In a life, we make choices to invest more deeply in a handful of cultures, and those choices are limited by many factors. We’re born into a culture, but we may choose (or be forced) to live in different cultural spaces. Raising a family, we choose what culture to give our children and place limits on that as well. Each family in a sense forms or creates it’s own culture.

August 22, 2008

On Arrival

Filed under: Daily Life, Food — Phil Klein @ 3:46 pm

Hi All,

Many apologies for not being in direct contact with you sooner. For a variety of reasons, our plans remained uncertain until the last minute, put we have made good on our dream to come to Martinique for an extended sojourn. We left Seattle on 8/8/08 with our house rented to grad student tenants, nearly all our things in storage, and with all we could fit in our bags we made it out here. I took one day off the day we were flying, and another day off a few days later to go to a birthday on the islet (l’islet) for my cousin Francois, but otherwise I’ve been working every weekday since we left. First photos are at http://www.new.facebook.com/album.php?aid=53206&id=571192952.  Adrienne and the girls have been quite busy also getting things together at our new place, villa les glaieuls jaunes.

We spent 2 weeks at my cousin Michel’s bungalow, which is right on the point, with a spectacular view, and was a very great place to have a base. I’m still going there daily to work until internet gets set up at our place.

We’ve been in a whirlwind of activity. Finding and buying a car, getting reasonable insurance, registering the girls for school, getting their uniforms, furnishing the apartment, setting up utilities, getting cell phones, eating and swimming and playing and working have been full time occupations.

We’ve tried to spend free time with cousins and their kids. Olivia and Colette have been given some lessons in French by Marine and Laura, and also by Michel’s wife Brigitte and daughter Claudia. The girls have spent many hours swimming with flippers, Olivia with a mask searching for sea urchin shells, Coco frolicking in the water. Down at the water from our house, there’s a small shady area where the girls play while the bay gently laps at their feet.

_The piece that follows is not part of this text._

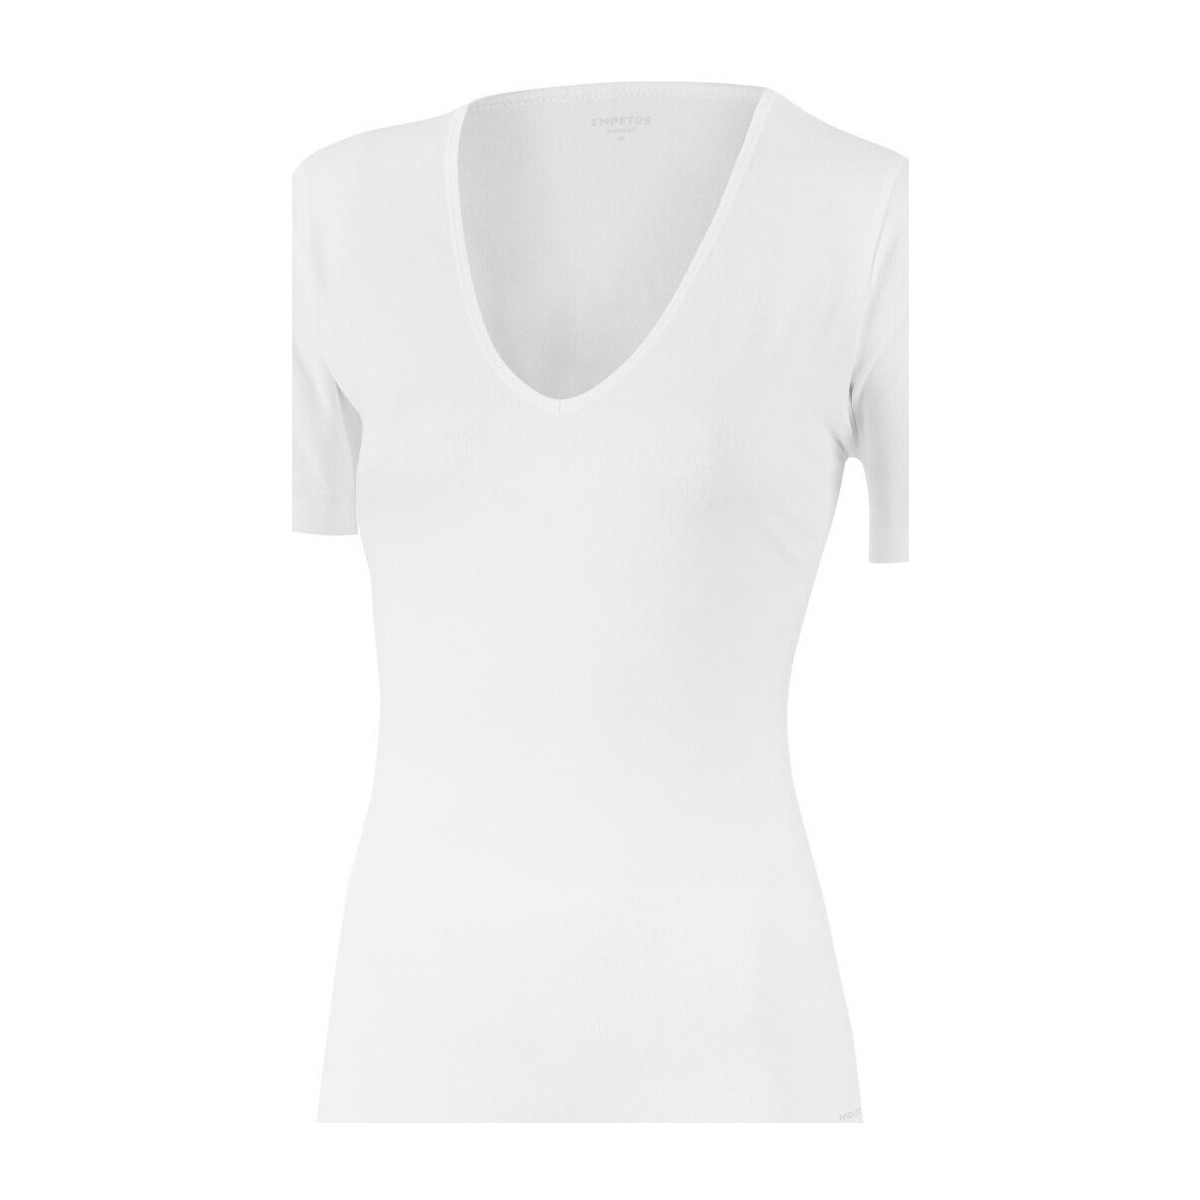 T-shirt με κοντά μανίκια Impetus Innovation Woman 8351898 001 Ύφασμα

Adrienne and I have spent some nice meals and afternoons with the parents and older adults, talking and swimming; and eating. My favorites so far have been incredibly tender conch in a burgundy sauce, gateau mille feuille (1,000 layer cake with vanilla custard, drizzled with chocolate), tuna steak, carmelized onion quiche, fresh mangos, fresh quenettes (a small round tree fruit about the size of globe grapes, that come in bunches, with a thin, peel you split open to find the fruit, a pink orange sweet and tangy fruit around a large round pit – eat a dozen or three of these if you ever get the chance), a lychee champagne cocktail, French bread with chevre and guava jam, and Jus de Prune de Cythere (I don’t know the word for this in English).